Trond Myklebust (8):
  NFS: alloc_nfs_open_context() must use the file cred when available
  SUNRPC: Add a flag to avoid reference counts on credentials
  SUNRPC: Don't take a reference to the cred on synchronous tasks
  NFS: Assume cred is pinned by open context in I/O requests
  NFSv4: Avoid referencing the cred unnecessarily during NFSv4 I/O
  NFSv4: Avoid unnecessary credential references in layoutget
  NFS: Avoid referencing the cred twice in async rename/unlink
  NFS: Limit the size of the access cache by default

 fs/nfs/dir.c                 |  2 +-
 fs/nfs/inode.c               | 10 +++++-----
 fs/nfs/nfs4proc.c            | 12 ++++++------
 fs/nfs/pagelist.c            |  2 +-
 fs/nfs/pnfs.c                |  3 +--
 fs/nfs/unlink.c              |  4 ++--
 fs/nfs/write.c               |  2 +-
 include/linux/sunrpc/sched.h |  1 +
 net/sunrpc/clnt.c            |  8 ++++++--
 net/sunrpc/sched.c           |  3 ++-
 10 files changed, 26 insertions(+), 21 deletions(-)

-- 
2.24.1


^ permalink raw reply	[flat|nested] 9+ messages in thread

* [PATCH 1/8] NFS: alloc_nfs_open_context() must use the file cred when available
  2020-02-10 19:13 [PATCH 0/8] Reduce the refcount pressure of NFS on struct cred Trond Myklebust
@ 2020-02-10 19:13 ` Trond Myklebust
  2020-02-10 19:13   ` [PATCH 2/8] SUNRPC: Add a flag to avoid reference counts on credentials Trond Myklebust
  0 siblings, 1 reply; 9+ messages in thread
From: Trond Myklebust @ 2020-02-10 19:13 UTC (permalink / raw)
  To: linux-nfs

If we're creating a nfs_open_context() for a specific file pointer,
we must use the cred assigned to that file.

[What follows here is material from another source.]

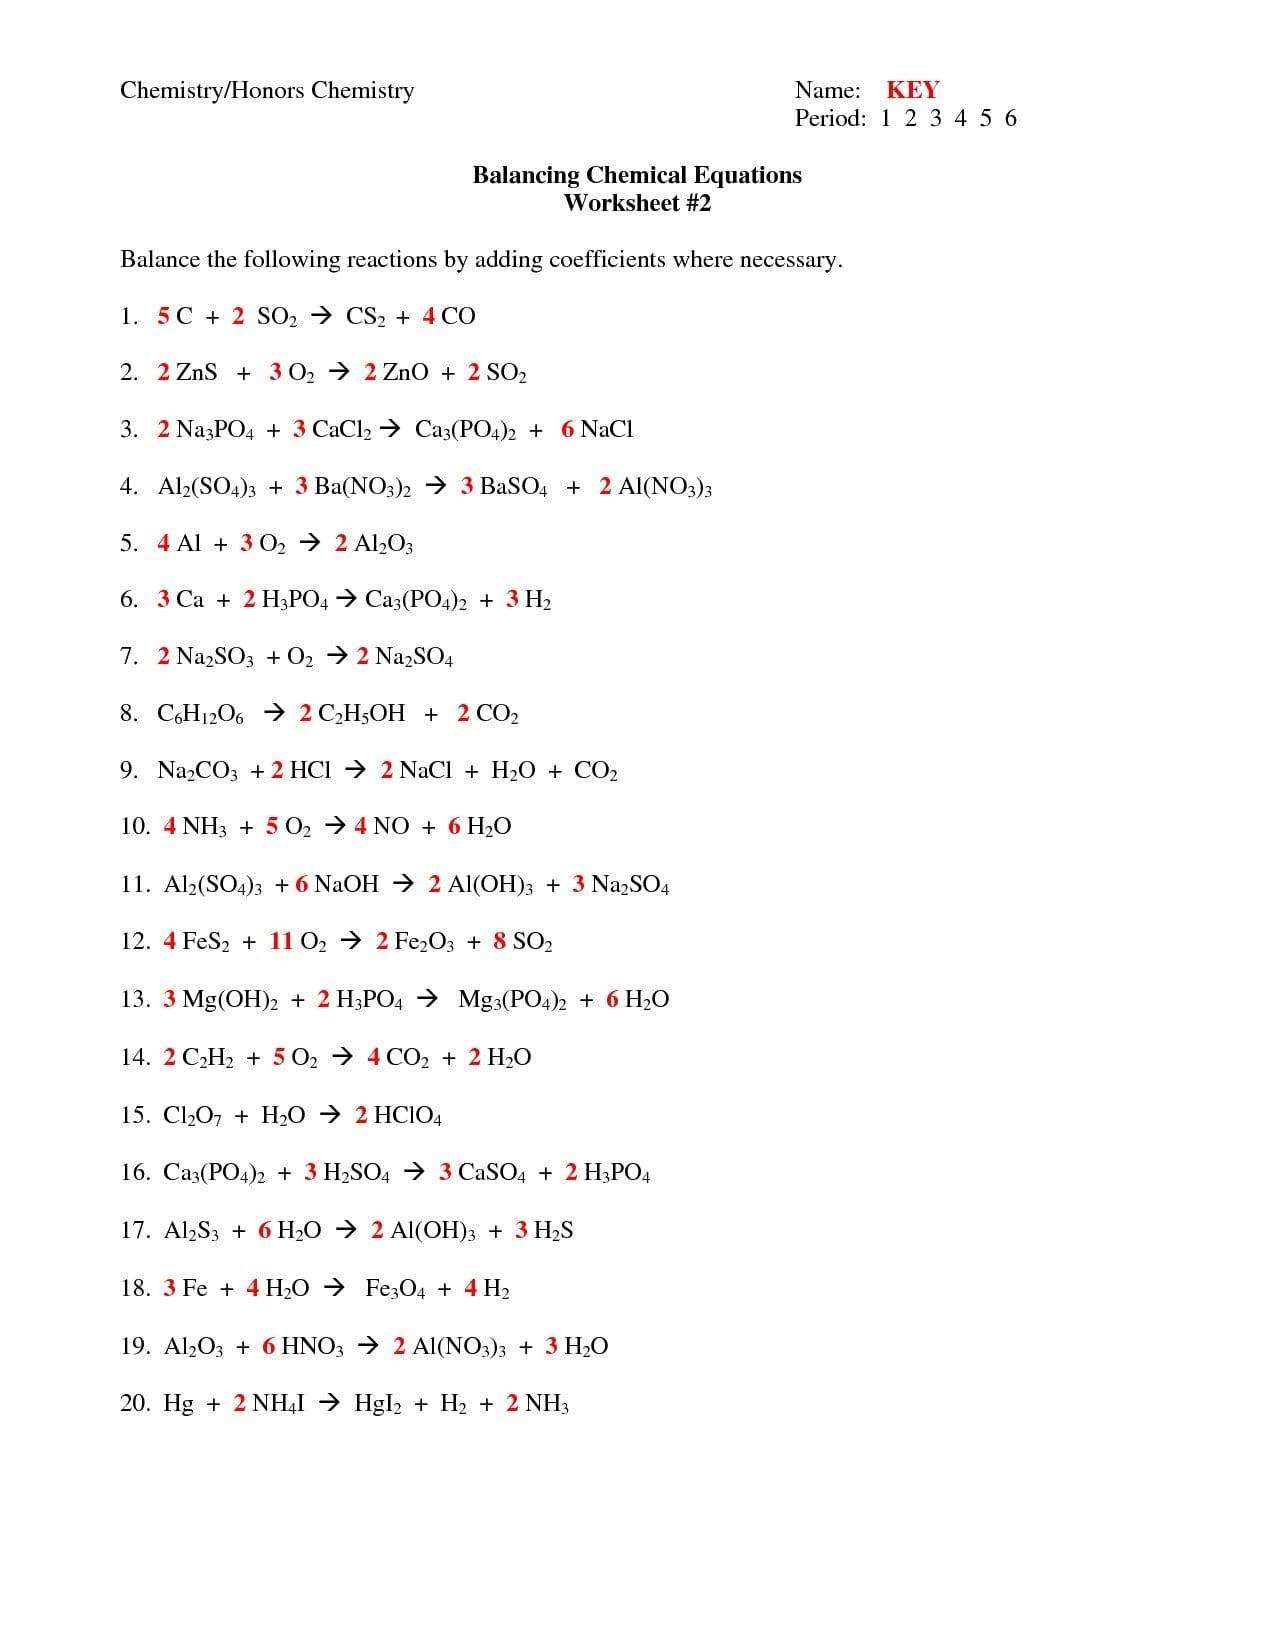 Chapter 7 Worksheet 1 Balancing Chemical Equations

Fixes: a52458b48af1 ("NFS/NFSD/SUNRPC: replace generic creds with 'struct cred'.")
Signed-off-by: Trond Myklebust <trond.myklebust@hammerspace.com>
---
 fs/nfs/inode.c | 10 +++++-----
 1 file changed, 5 insertions(+), 5 deletions(-)

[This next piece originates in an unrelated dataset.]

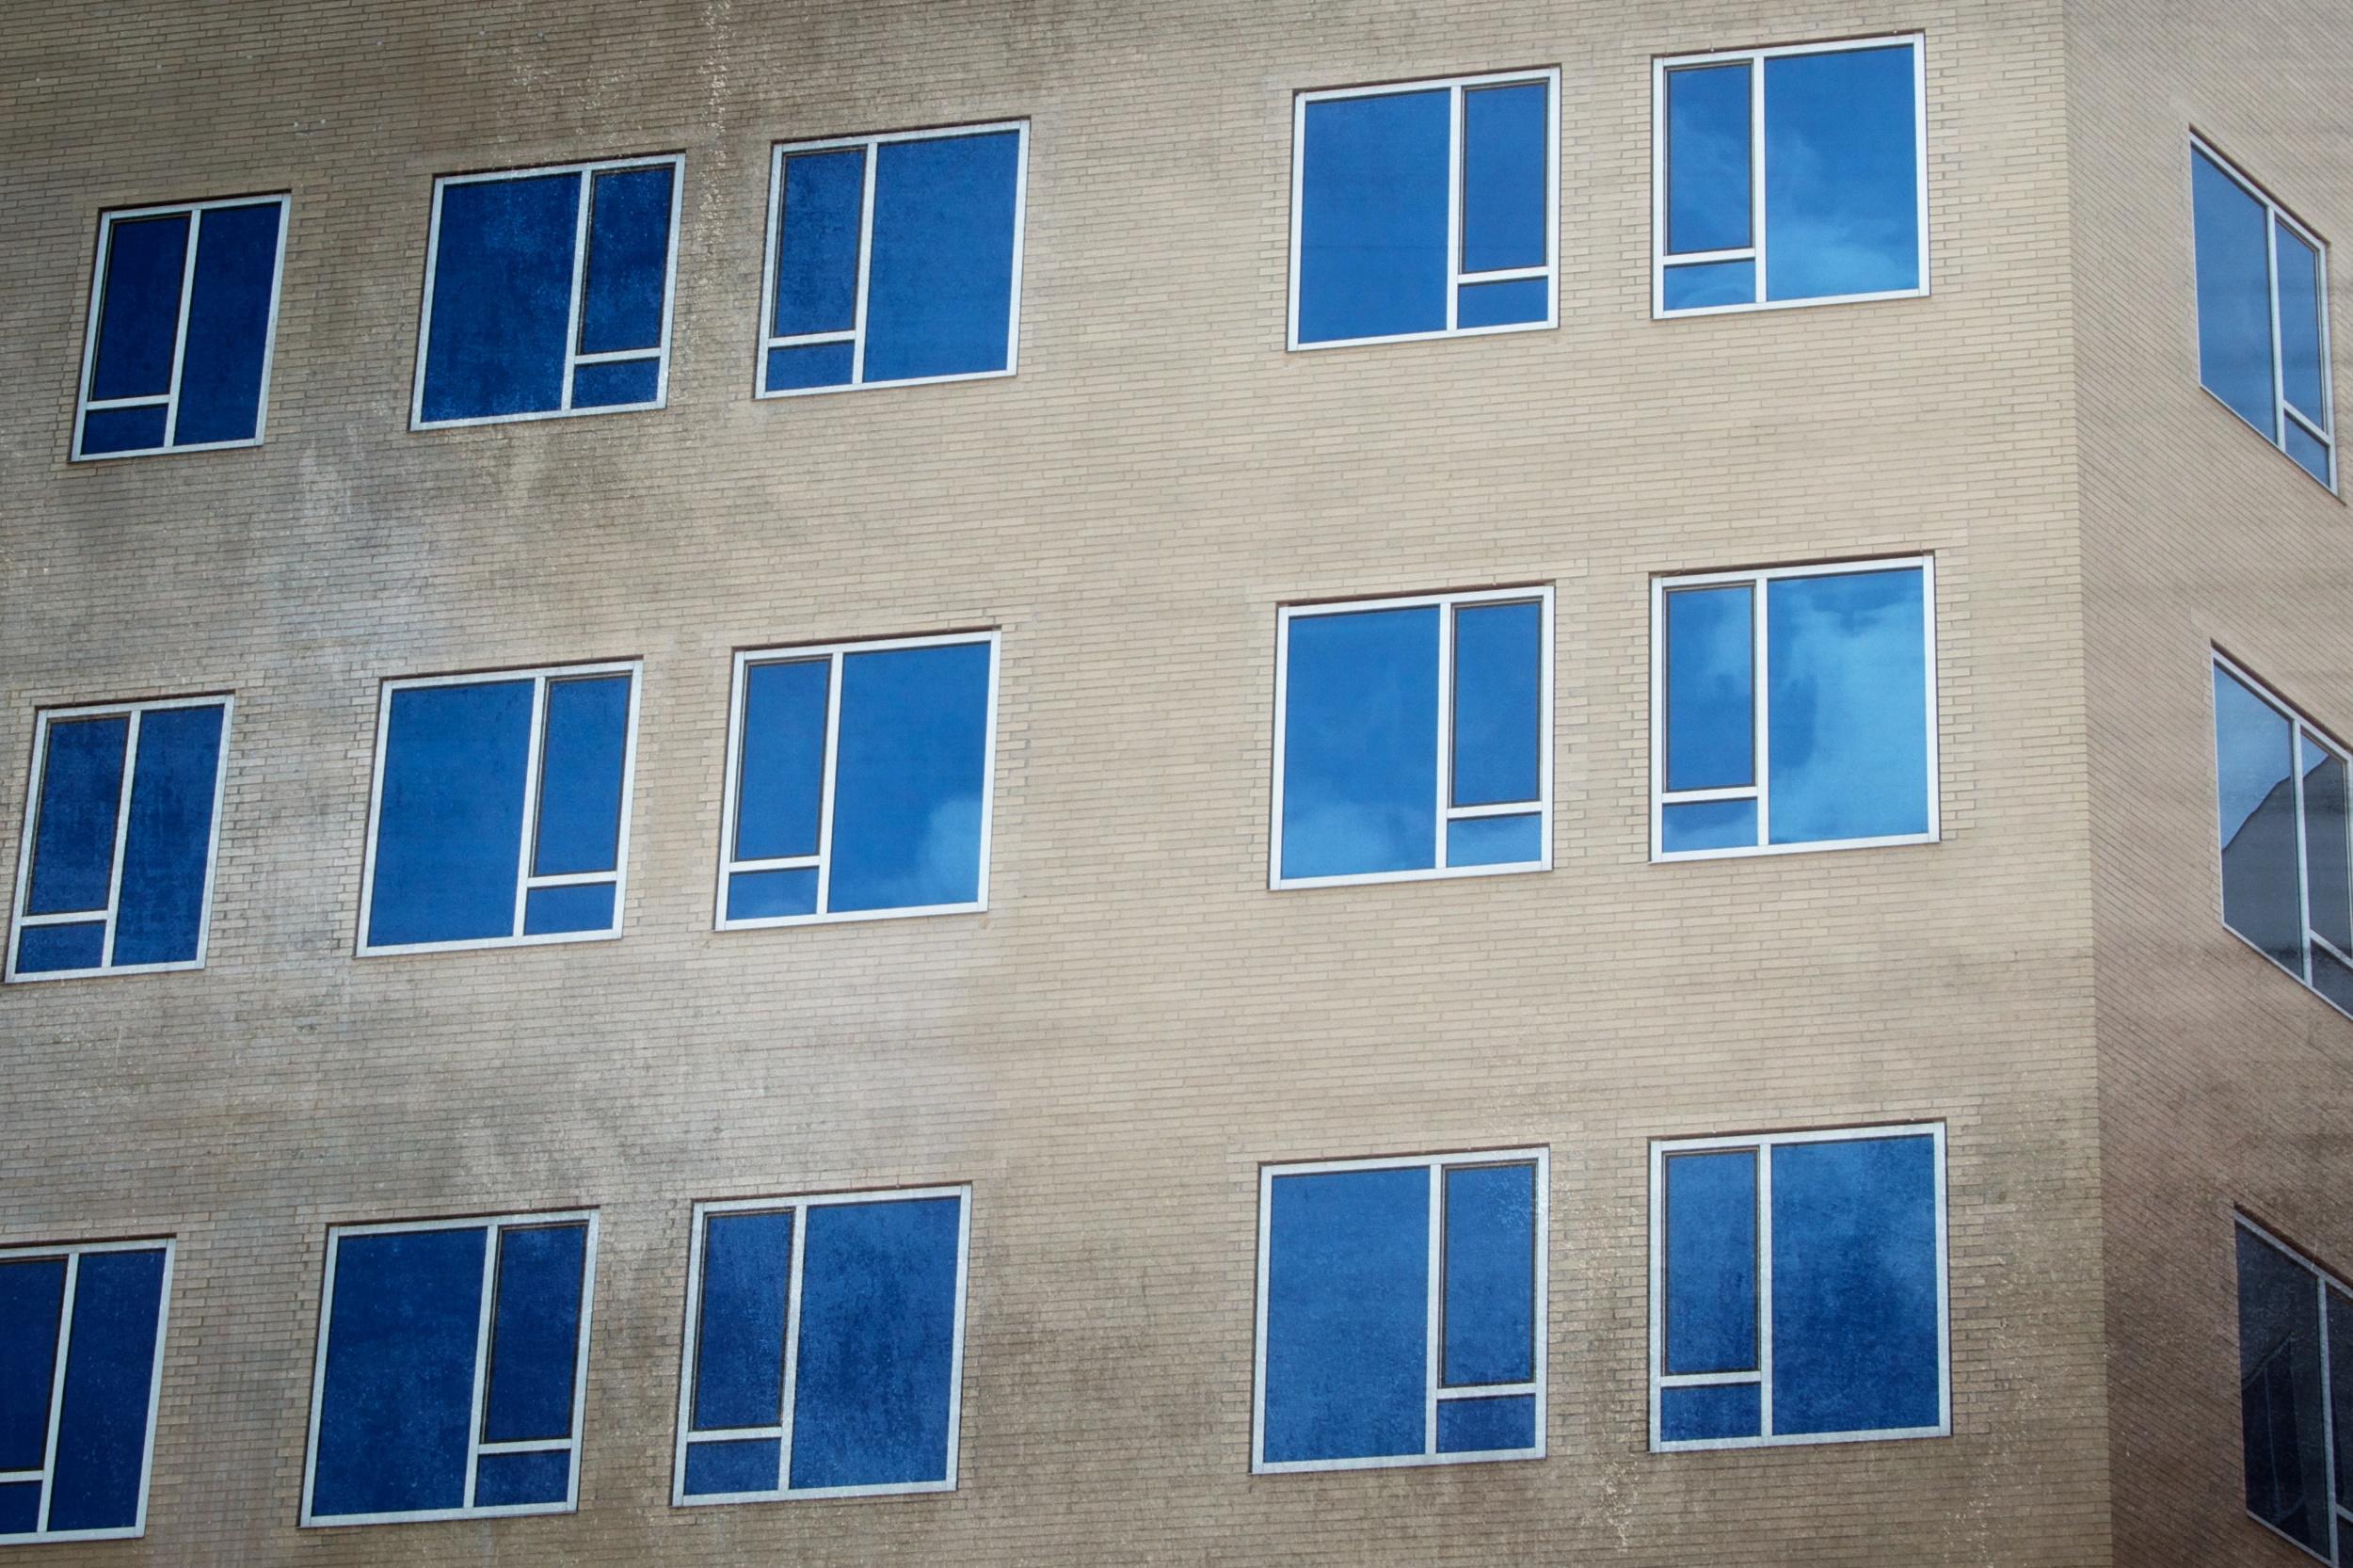 Clouds in Windows.jpg

diff --git a/fs/nfs/inode.c b/fs/nfs/inode.c
index 11bf15800ac9..a10fb87c6ac3 100644
--- a/fs/nfs/inode.c
+++ b/fs/nfs/inode.c
@@ -959,16 +959,16 @@ struct nfs_open_context *alloc_nfs_open_context(struct dentry *dentry,
 						struct file *filp)
 {
 	struct nfs_open_context *ctx;
-	const struct cred *cred = get_current_cred();
 
 	ctx = kmalloc(sizeof(*ctx), GFP_KERNEL);
-	if (!ctx) {
-		put_cred(cred);
+	if (!ctx)
 		return ERR_PTR(-ENOMEM);
-	}
 	nfs_sb_active(dentry->d_sb);
 	ctx->dentry = dget(dentry);
-	ctx->cred = cred;
+	if (filp)
+		ctx->cred = get_cred(filp->f_cred);
+	else
+		ctx->cred = get_current_cred();
 	ctx->ll_cred = NULL;
 	ctx->state = NULL;
 	ctx->mode = f_mode;
-- 
2.24.1


^ permalink raw reply	[flat|nested] 9+ messages in thread

* [PATCH 2/8] SUNRPC: Add a flag to avoid reference counts on credentials
  2020-02-10 19:13 ` [PATCH 1/8] NFS: alloc_nfs_open_context() must use the file cred when available Trond Myklebust
@ 2020-02-10 19:13   ` Trond Myklebust
  2020-02-10 19:13     ` [PATCH 3/8] SUNRPC: Don't take a reference to the cred on synchronous tasks Trond Myklebust
  0 siblings, 1 reply; 9+ messages in thread
From: Trond Myklebust @ 2020-02-10 19:13 UTC (permalink / raw)
  To: linux-nfs

Add a flag to signal to the RPC layer that the credential is already
pinned for the duration of the RPC call.

Signed-off-by: Trond Myklebust <trond.myklebust@hammerspace.com>
---
 include/linux/sunrpc/sched.h | 1 +
 net/sunrpc/clnt.c            | 5 +++--
 net/sunrpc/sched.c           | 3 ++-
 3 files changed, 6 insertions(+), 3 deletions(-)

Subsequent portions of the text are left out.